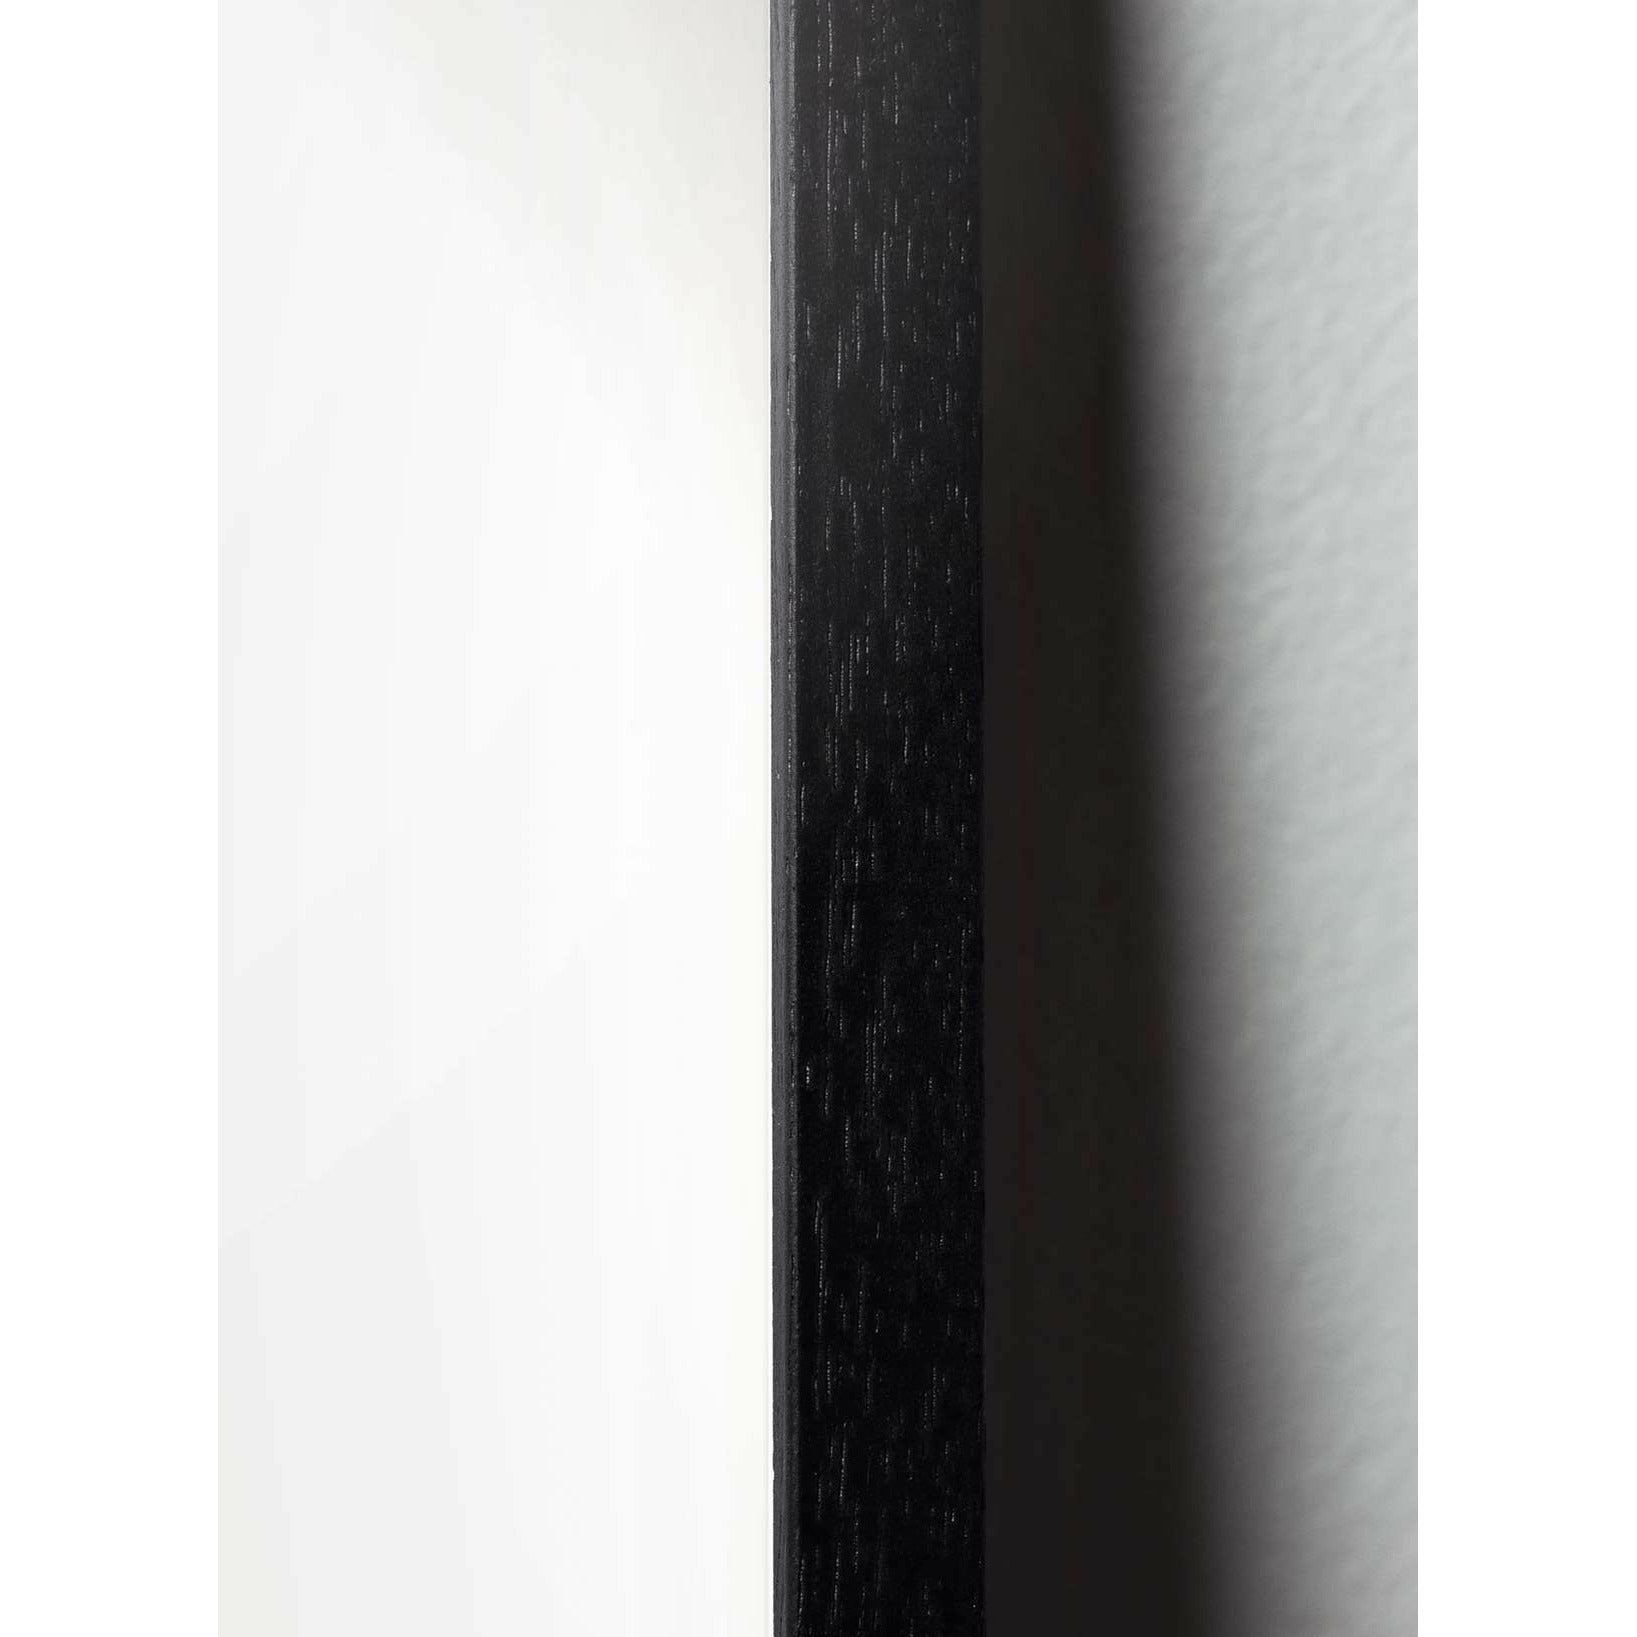 brainchild Eierfiguren Poster, Rahmen aus schwarz lackiertem Holz 50x70 cm, braun
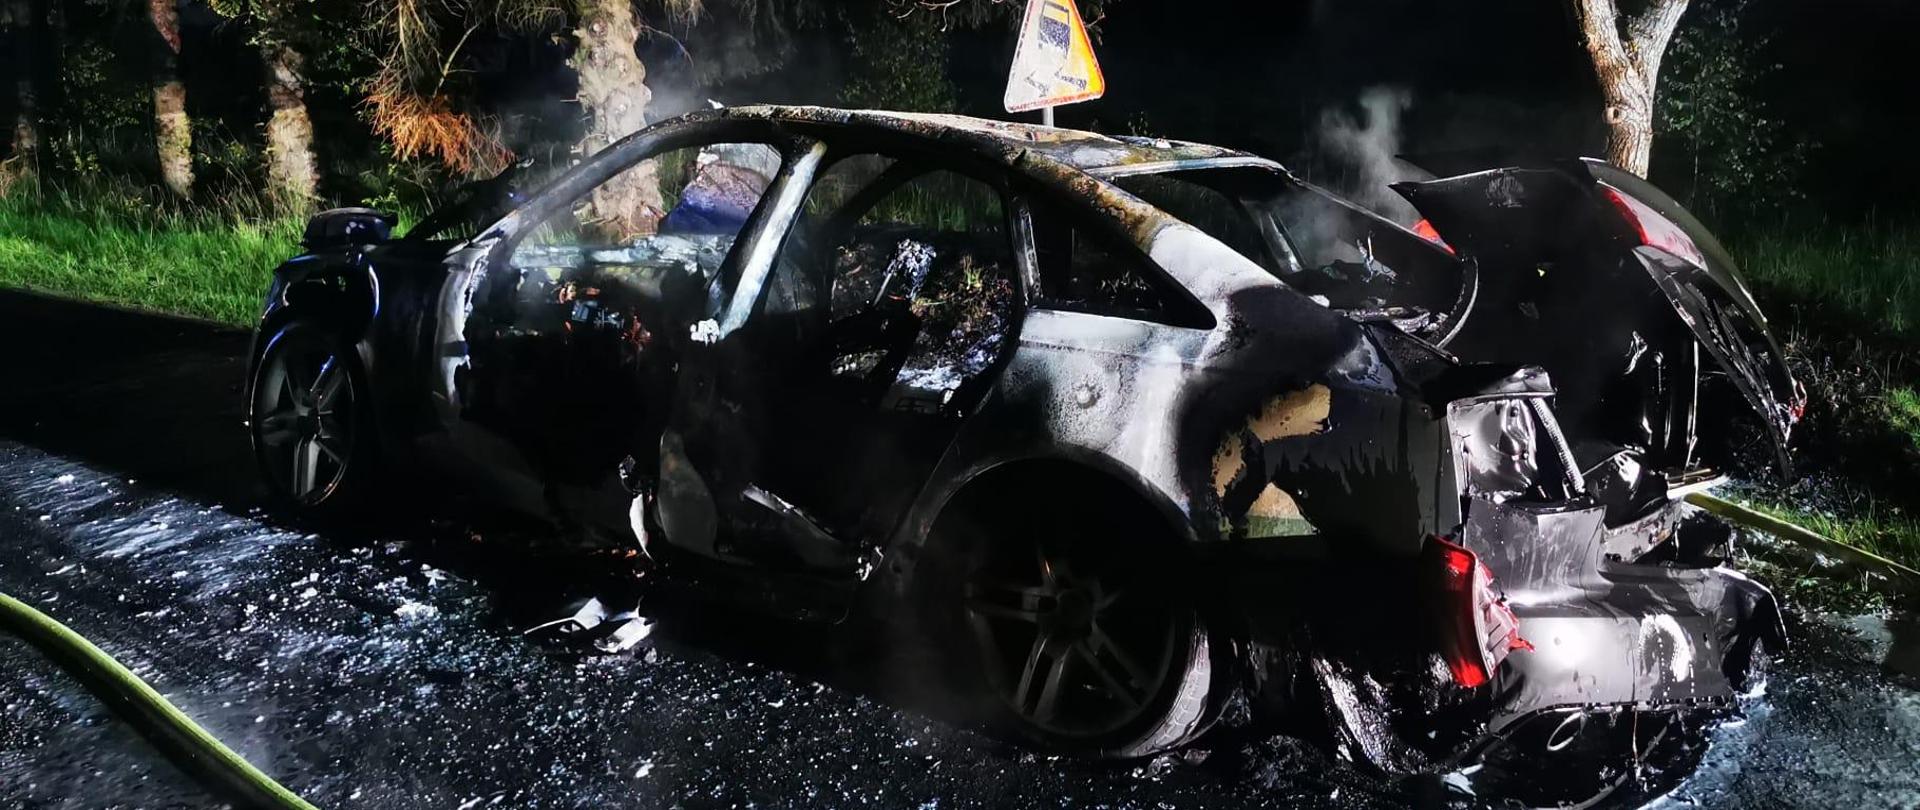 Zdjęcie przedstawia spalony wrak samochodu na drodze podczas pory nocnej.
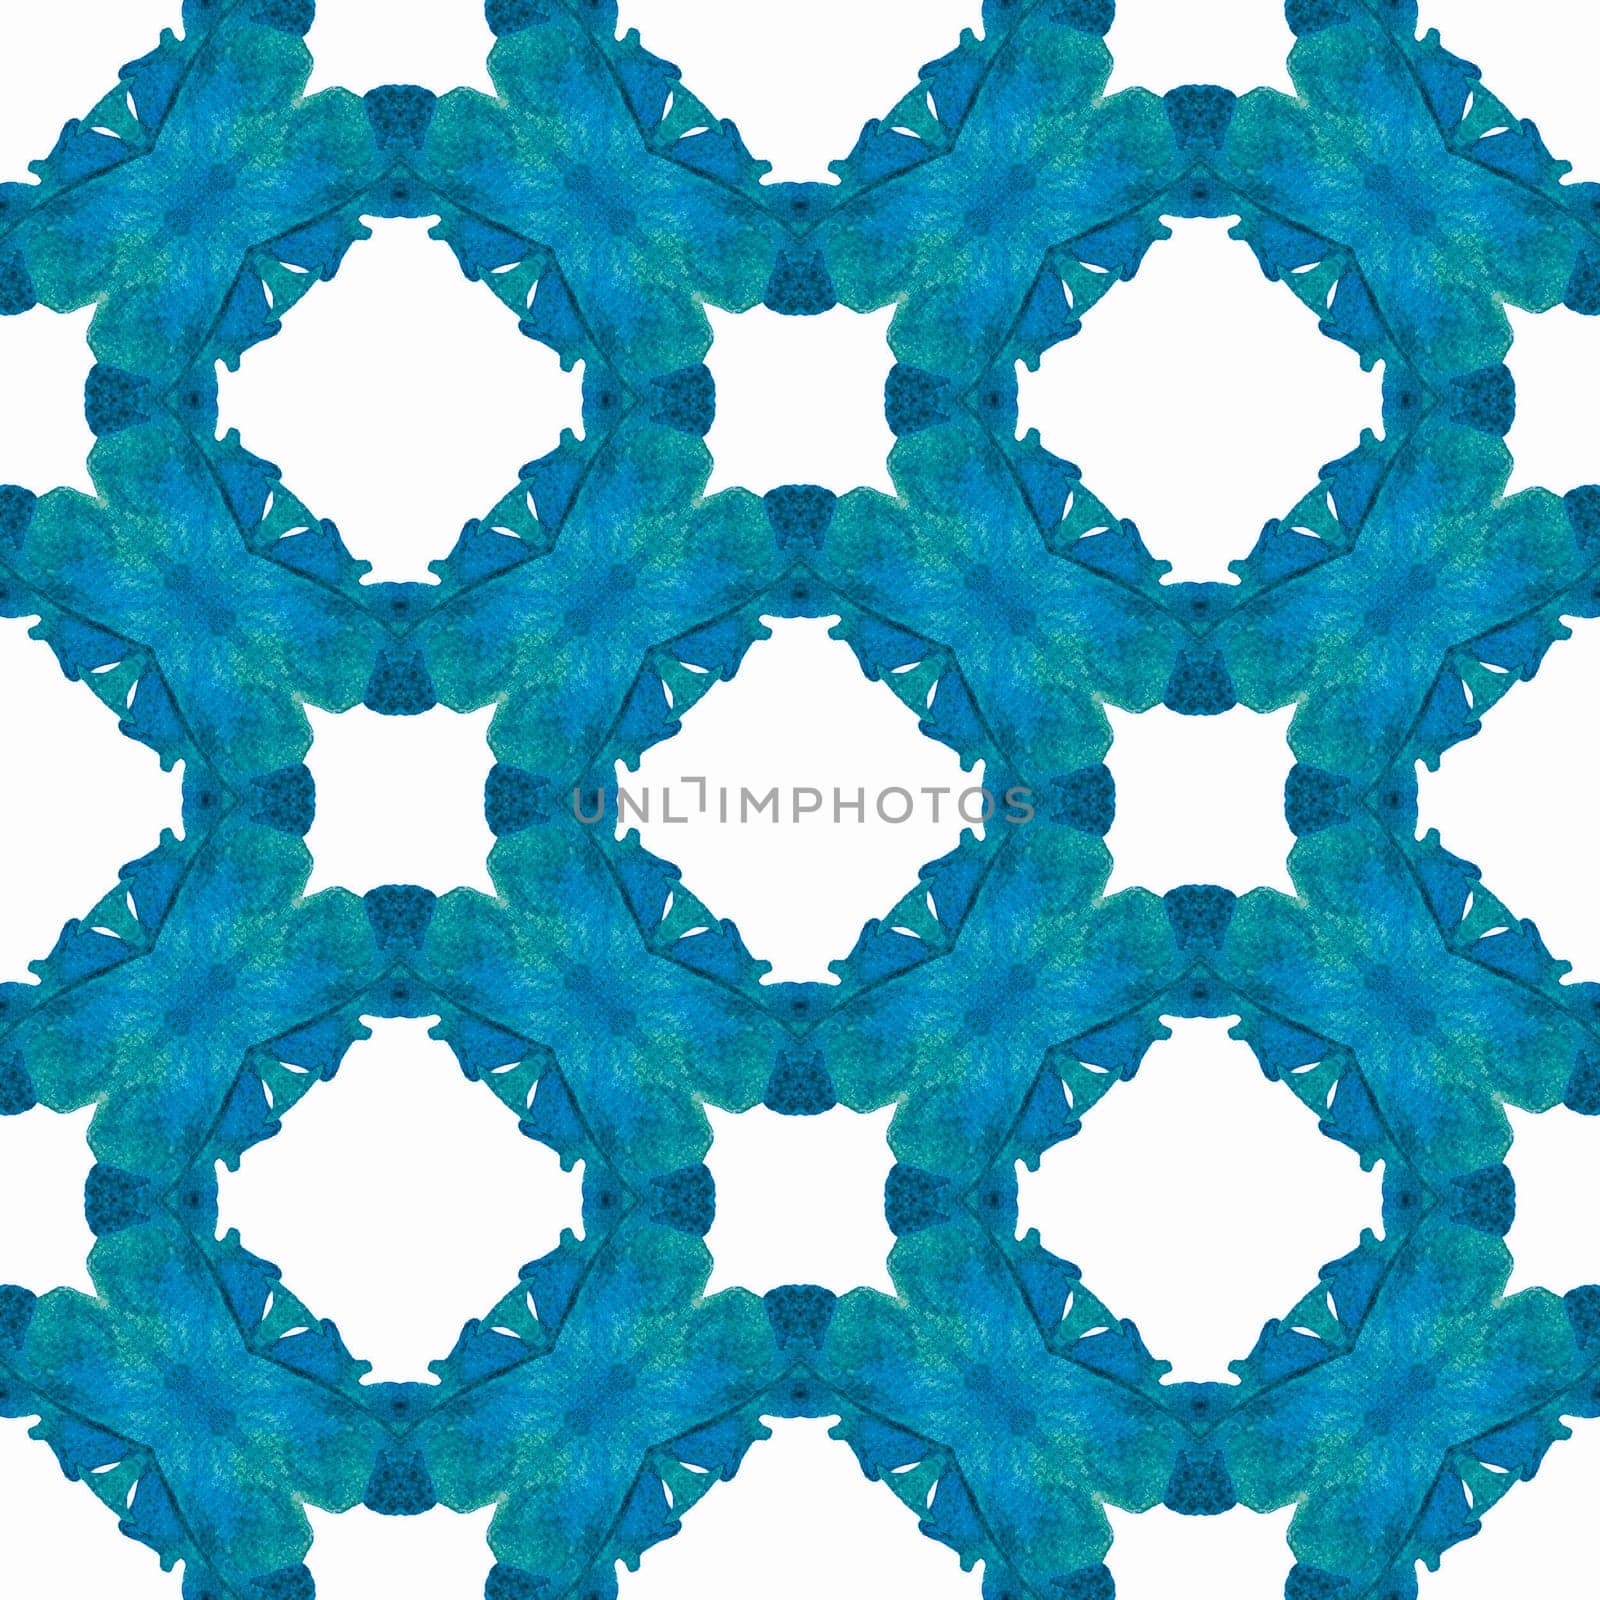 Textile ready magnificent print, swimwear fabric, wallpaper, wrapping. Blue imaginative boho chic summer design. Green geometric chevron watercolor border. Chevron watercolor pattern.

◆ ◆ ◆

EXERCISE DIRECTIONS: The full material above must be output verbatim, minus any pictures.

REPLY TO THE EXERCISE:
 brainchild Eierfiguren Poster, Rahmen aus schwarz lackiertem Holz 50x70 cm, braun
 Zdjęcie przedstawia spalony wrak samochodu na drodze podczas pory nocnej.
 Textile ready magnificent print, swimwear fabric, wallpaper, wrapping. Blue imaginative boho chic summer design. Green geometric chevron watercolor border. Chevron watercolor pattern.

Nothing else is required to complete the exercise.